A long time ago in a galaxy far, far away ... there was a couple. Who were simply just dating. Who were without children. Who dared to have serious conversations, uninterrupted, while enjoying a meal that dared to be warm at the time of consumption. Who slept - on a whim - for ten uninterrupted hours at night. Who spontaneously ... did things without having to book a babysitter three months in advance. Who ... went out to brunch on Sunday mornings and ordered Bloody Mary's instead of firing up the minivan to go to soccer practice, then to wiffle ball, then to swim lessons, then to a birthday party, etc. Who debated about whether to eat dinner at Rainbow Dragon or Farragut House, instead of whose night it was to make pasta again and pack lunch boxes.

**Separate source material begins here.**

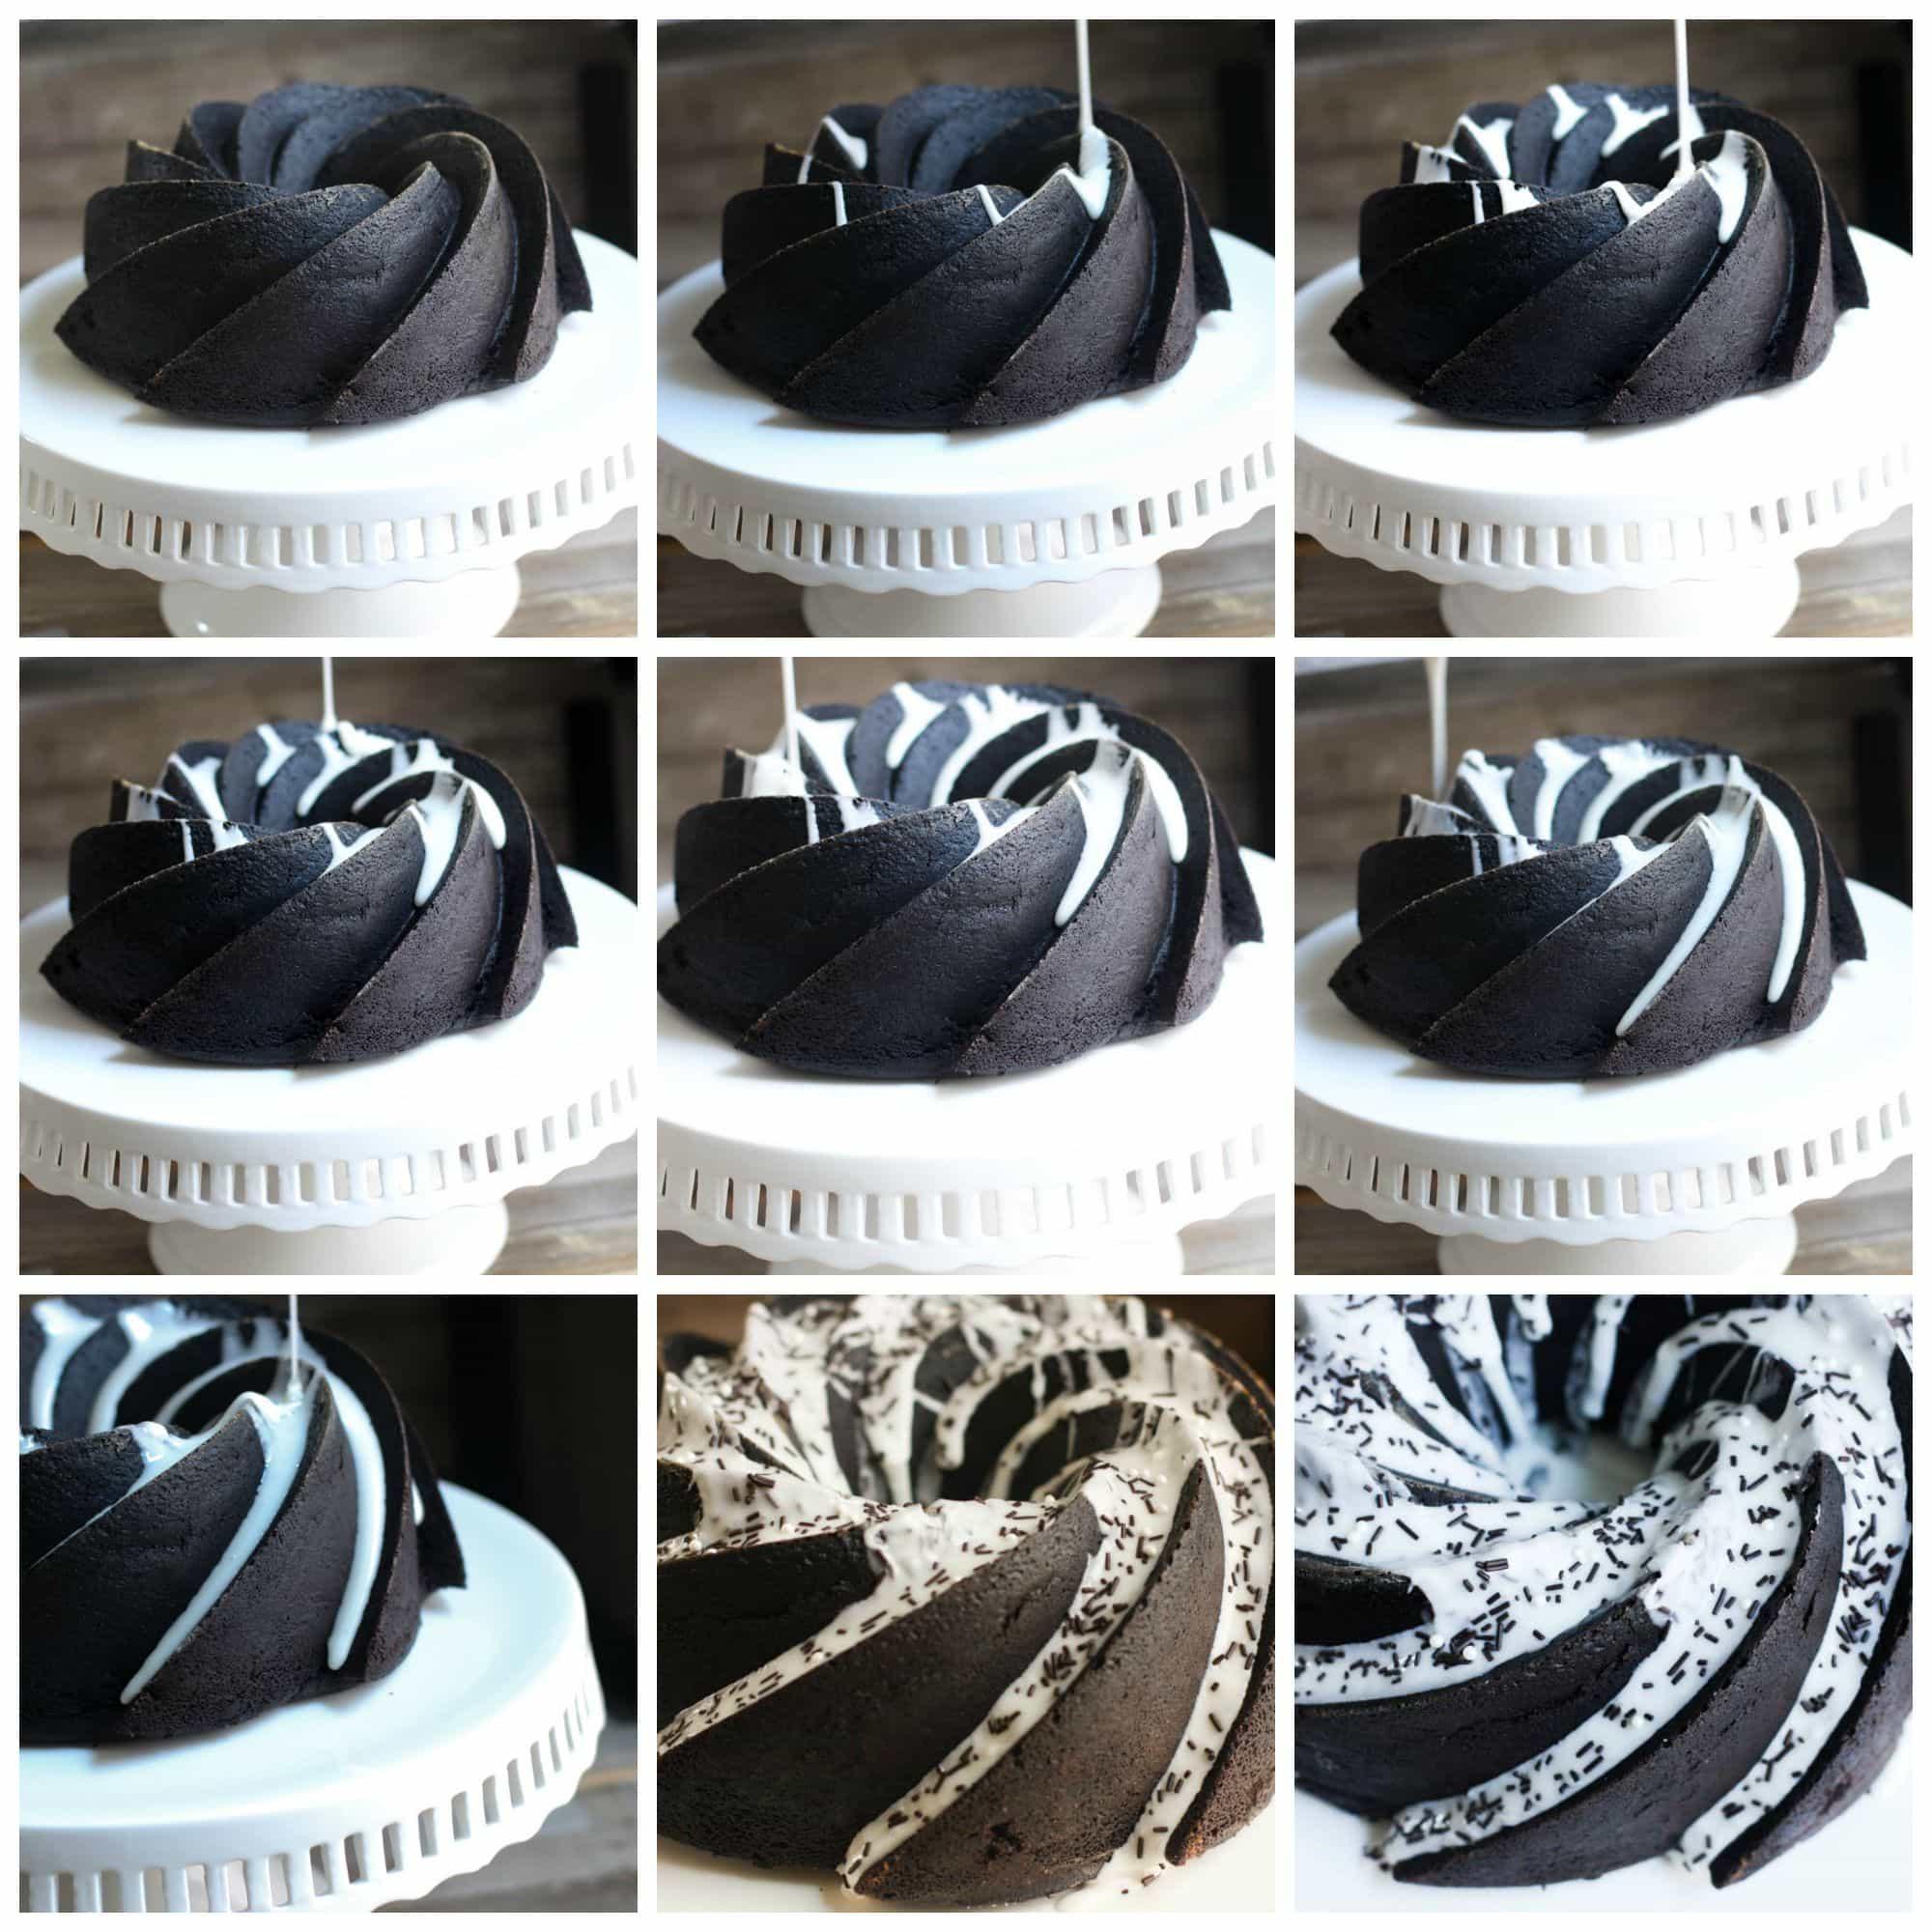 Chocolate Sprinkles Sour Cream Bundt Cake

Then the couple got married. And had kids. The end.
(dramatic pause)
However, there is that once a year opportunity for THE WIFE and I to turn back the clock. You know that trip I'm talking about. The re-connector. The "just the two of us" getaway. The "oh yeah, this is why we love each other" weekend. The two or three days when you ditch the kids with grandparents and possibly come home with a new addition to the family, assuming you were procrastinating on that vasectomy. This much coveted, temporary, time travel away from reality is also know as ... the Weekender.
THE WIFE and I have our annual sojourn coming up soon. And it got me thinking. I need to prepare accordingly.

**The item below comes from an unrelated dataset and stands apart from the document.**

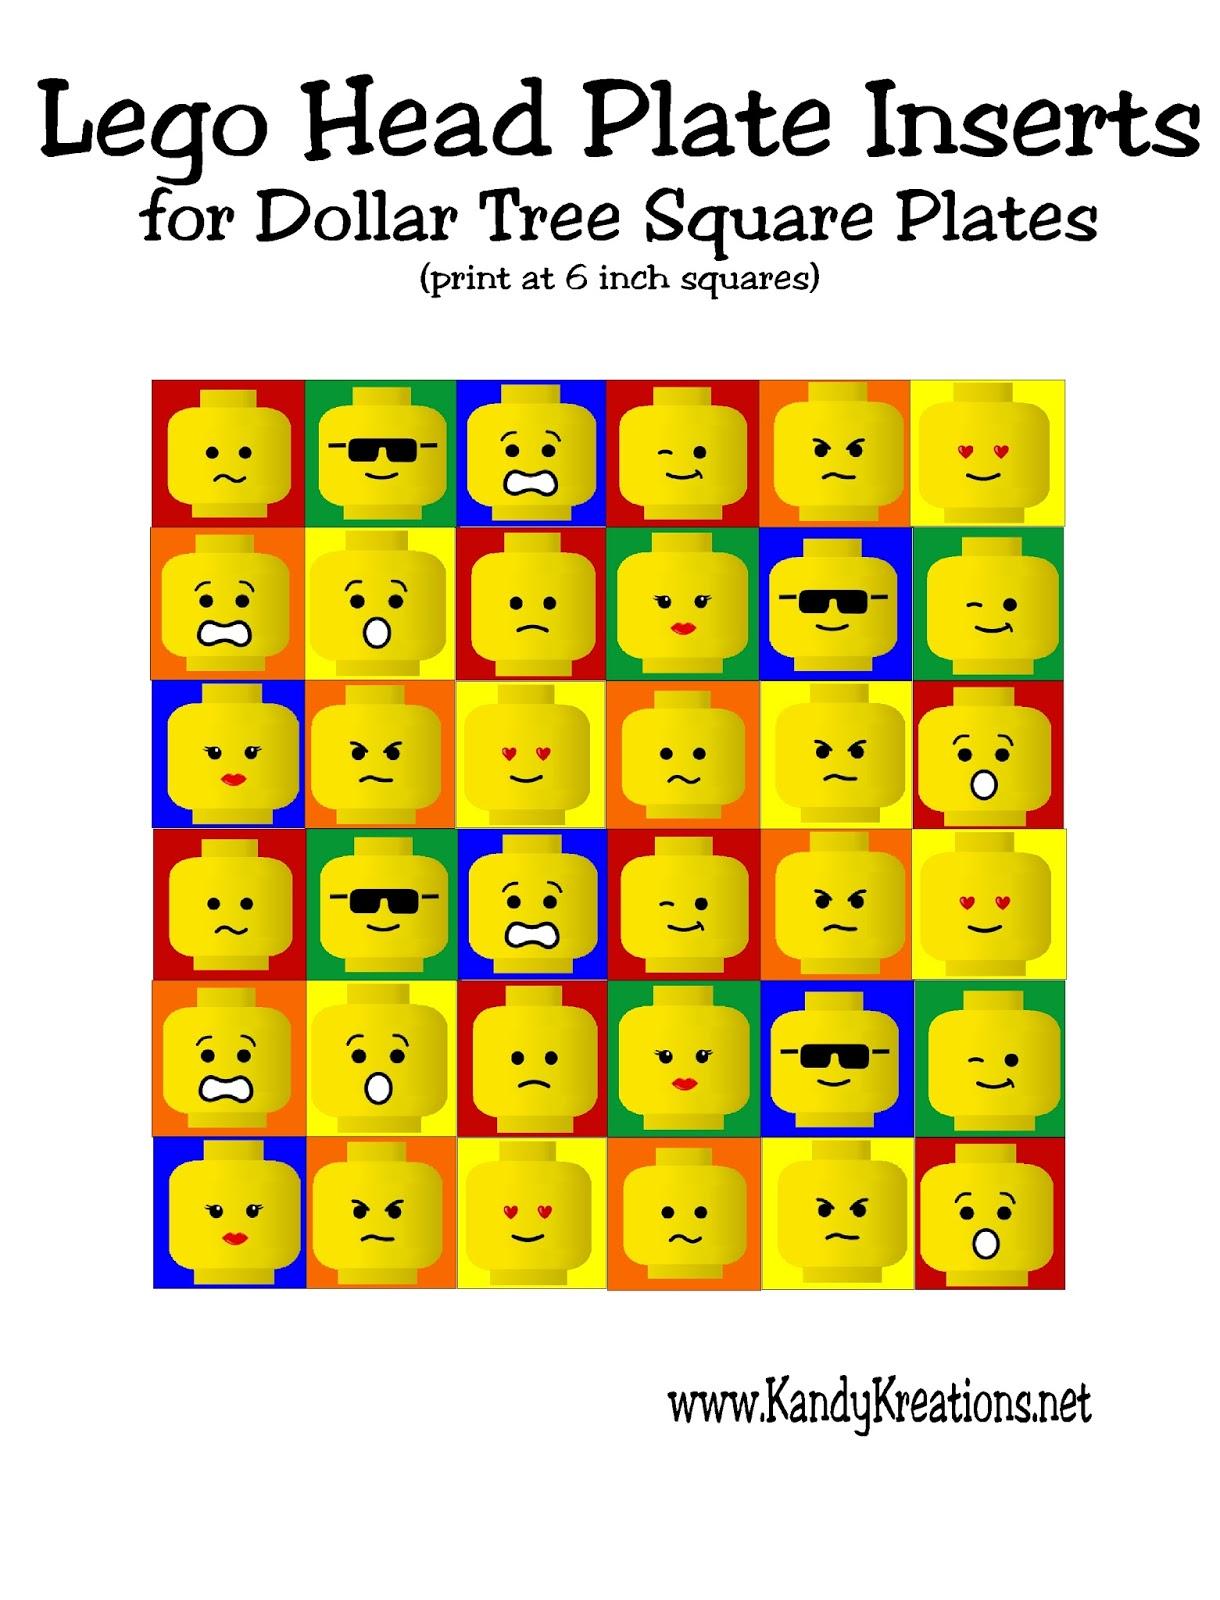 Lego Ninjago Wall Stickers Search Results For Lego Template Printable Calendar 2015

There are some classic do's and don'ts I follow when getting ready for a Weekender. Here is a sample of the refresher course I read to myself in the mirror during the countdown to escape...
In the days leading up to a Weekender, it's important to maintain health at all costs. Specifically, in the week before the trip, boost up the immune system. DO take Vitamin C supplements and echinacea. DO drink plenty of fluids. DO get some extra rest. In other words, DO wear a hazmat suit, if possible, when interacting with your kids and especially when conducting any pick up or drop off at day care or schools. Then disinfect said child(ren) thoroughly upon returning home. If outright quarantine is possible, by all means take advantage.
[I unfortunately learned this lesson the hard way shortly after arriving at the Chatham Bars Inn a few years ago. A 24-hour stomach bug struck me just as we got settled into our hotel room. All I remember from that weekend is watching Inception on demand while wrapped beneath a comforter as THE WIFE ordered room service. Good times!]
DO avoid engaging in athletic or outdoor activities that you do not typically perform. Sustaining a lower back injury during a first time cross-fit workout or pulling a groin during bikram yoga can severely impede late night - or God willing maybe even afternoon - activities.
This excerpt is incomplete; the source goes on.